The year is 2025. New Zealand has had a president for five years, the Green-Labour Government having declared a republic without referendum in 2020. There had been little opposition, the coalition having continuously held power with increasing confidence to the point where it governed with a significant majority. The murmured accusations of election tinkering and gerrymandering that had characterized what the long-serving prime minister had sneeringly labeled ‘the disaffected whingers of the wet right’ (i.e. National, Conservative and Maori) had largely died out by 2017. The opposition only had itself to blame having had no distinctive beneficial policies to offer a public who turned out in fewer and fewer numbers on election days, those who did opting for the devil they knew.
Some semblance of parliamentary democracy had staggered on until early 2019 when, on an otherwise pleasant autumn morning, New Zealanders awoke to hear, on state-controlled radio and television, that the country would henceforth be run by presidential decree (the president having been installed unelected after some years as Secretary-General of the United Nations). Green-Labour members of parliament were now transformed into ‘electorate satraps’ in order to administer and minutely control small districts known as ‘gaus’ - a word borrowed from the German. Many prescient opposition notables had earlier left the country for a long divergent Australia preferring its condition as an American client state to that of isolation and totalitarianism. Those remaining had been given the option of either following the presidential line or of expulsion from the Parliament on the grounds of membership of illegal political parties.

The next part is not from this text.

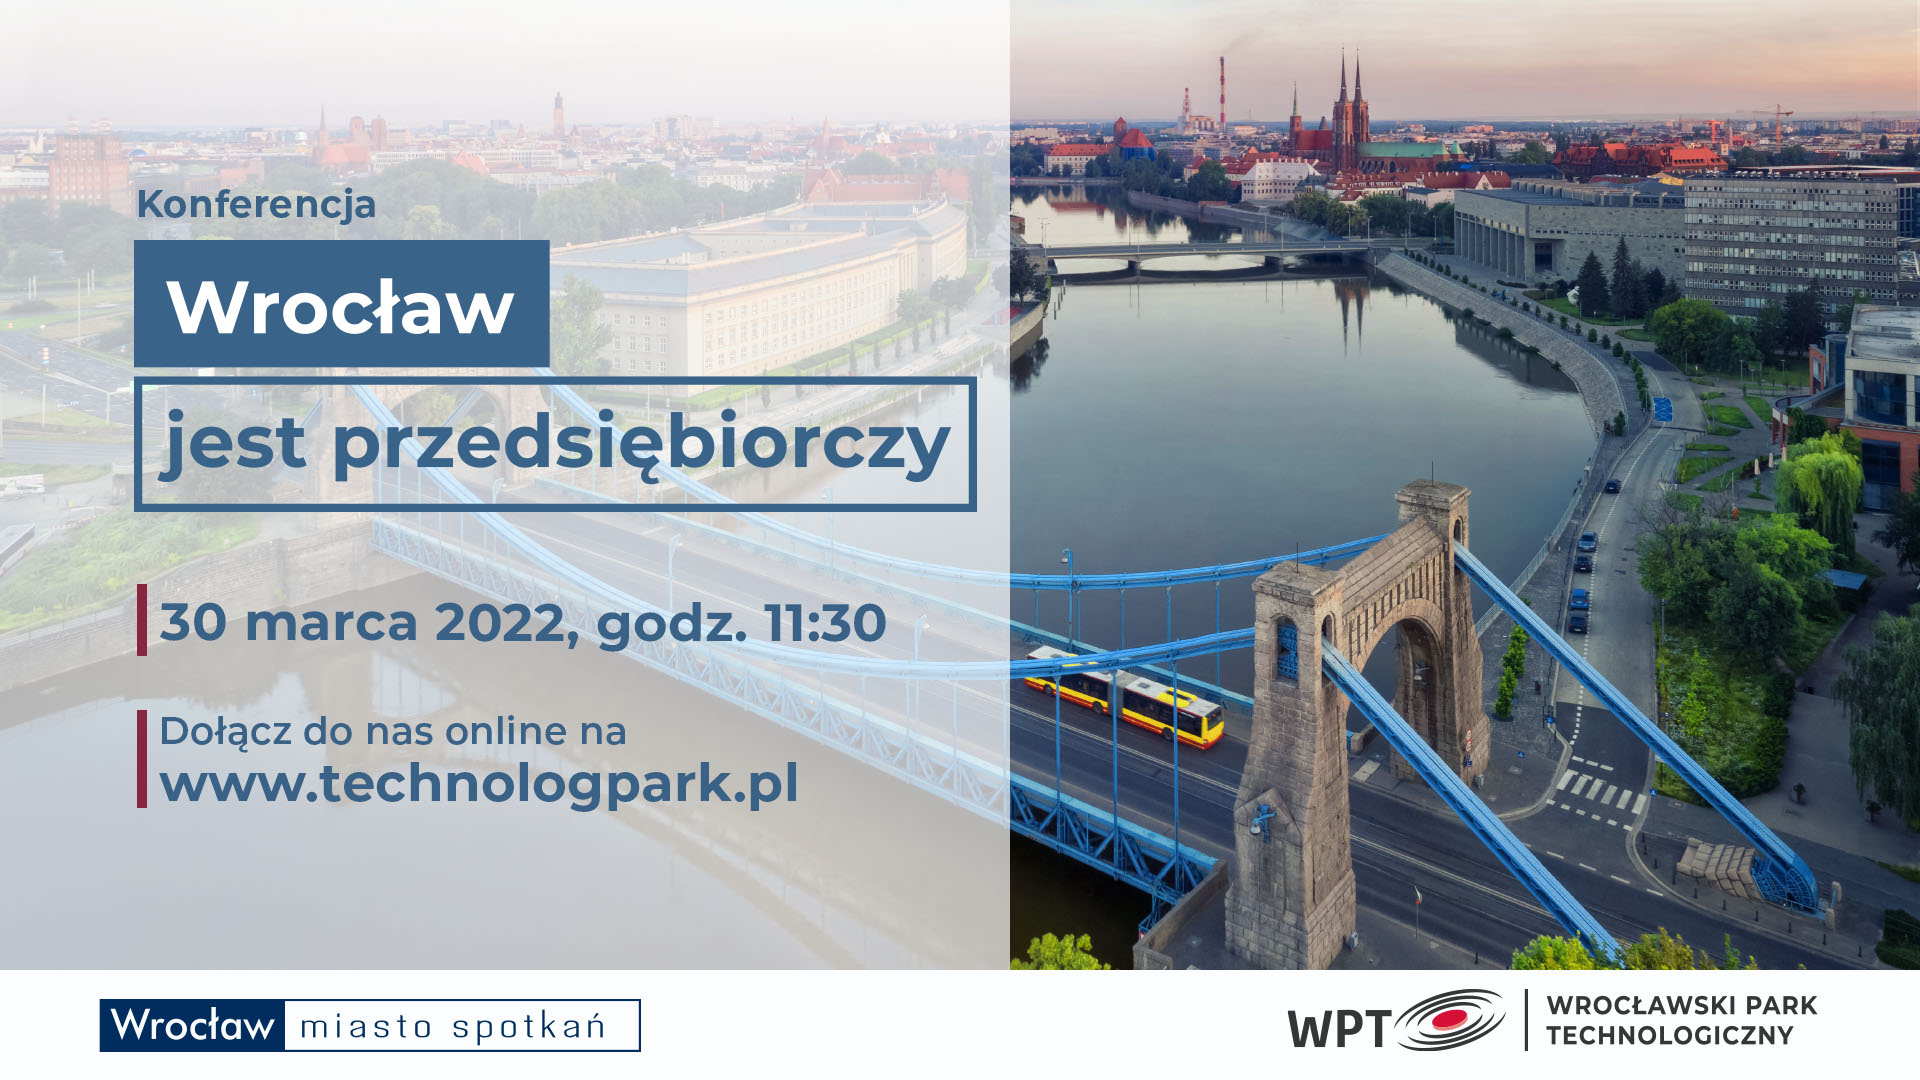 Zapraszamy na konferencję Wrocław jest przedsiębiorczy!

The public of New Zealand reacted with customary apathy to the slow but remorseless impact of the state upon its liberties. Since the assassination of John Key and, from the resulting vacuum, a panicked change of political weightings, state agencies increasingly took over responsibility for the nurturing and schooling of children from mothers (particularly) and fathers (who were, in any case, considered of little account in the stewardship of their whanau). Now, male teachers are no longer permitted to work in girls’ or mixed sex schools (and most certainly not in kindergartens or crèches) and within the foreseeable future they will, as single gender schools are phased out, become completely redundant. (This policy was forced upon the republic ever since it was decreed that any male suspected or even accused by any citizen of ‘inappropriate behaviour’ towards minors, whether or not charged and found guilty in a court of law, would be named and shamed in a monthly ‘no-smoke-without-fire’ gazette emanating from The Presidential Palace, formerly Government House).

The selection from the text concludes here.